At the suppression hearing, Police Officer Kenneth Igel testified that at a location known to be the site of narcotics-related activity, he observed an individual giving the defendant money followed by the defendant removing from his pocket a glassine envelope. When the officer approached these two individuals, the buyer walked away. The officer then approached the defendant, asked him what he was doing, and then reached into the defendant’s jacket pocket and removed a larger envelope containing several smaller glassine enve*672lopes in which there were narcotics. Officer Igel thereupon arrested the defendant.
On appeal, the defendant contends that the officer did not have probable cause to arrest him, and therefore that the evidence should have been suppressed. We do not agree.

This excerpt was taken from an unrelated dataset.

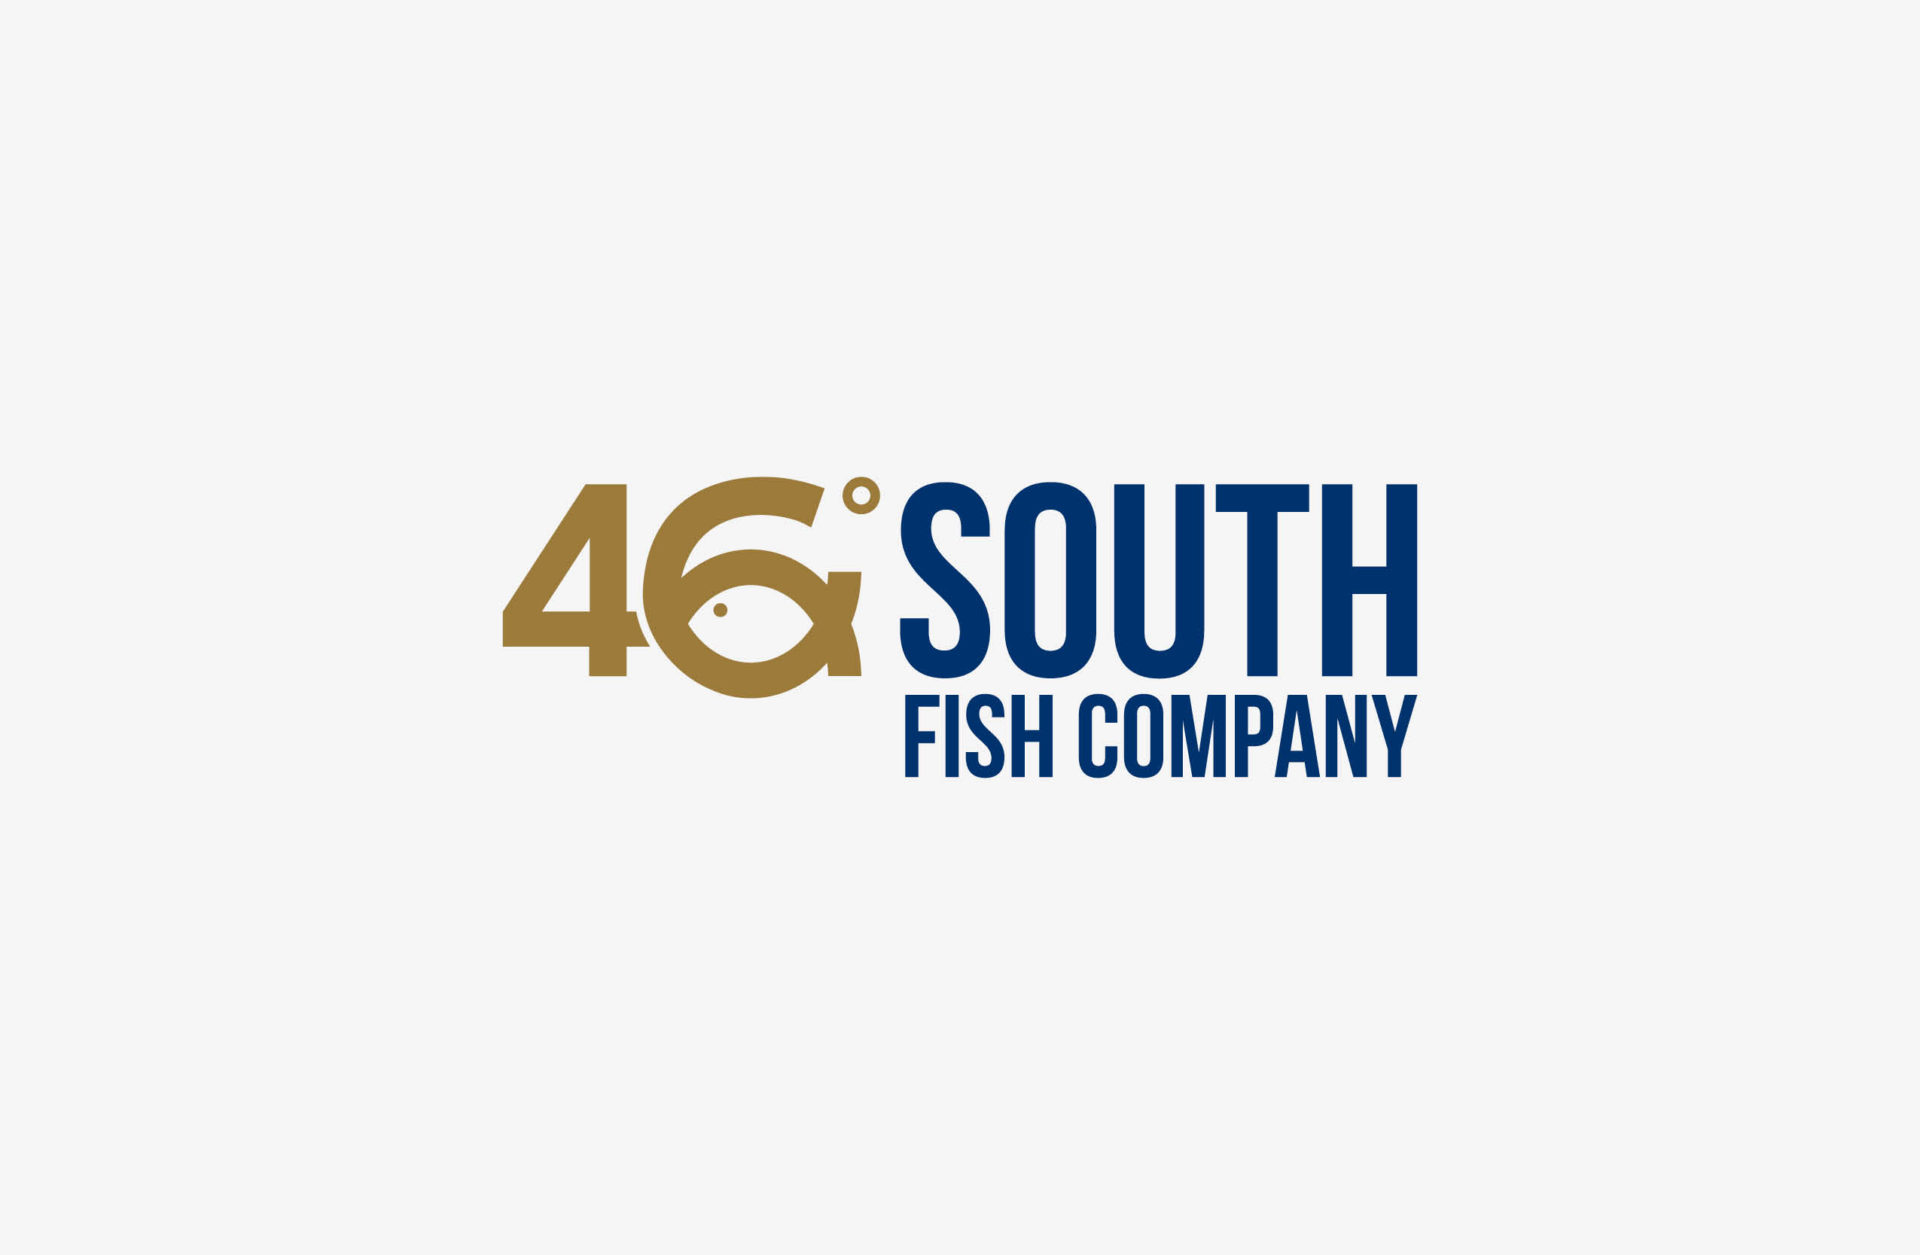 46 South Fish Company logo

The officer’s testimony was credible and the exchange of money, coupled with the observance by the officer of a glassine envelope, provided the requisite probable cause needed to arrest the defendant, particularly so in light of the fact that this officer was well aware that the area had been the site of narcotics-related activity (see, People v McRay, 51 NY2d 594; People v Goggans, 155 AD2d 689). Since there existed probable cause to arrest the defendant at the time the evidence was obtained, "[i]t is immaterial that the seizure of this evidence occurred immediately before, rather than simultaneously with, the formal arrest” (People v Goggans, supra, at 691; see also, People v Landy, 59 NY2d 369; People v Evans, 43 NY2d 160).
The remaining contentions raised by the defendant, including his claim that his sentence was excessive, have been considered and we find them to be either unpreserved for appellate review or without merit. Bracken, J. P., Brown, Lawrence and Hooper, JJ., concur.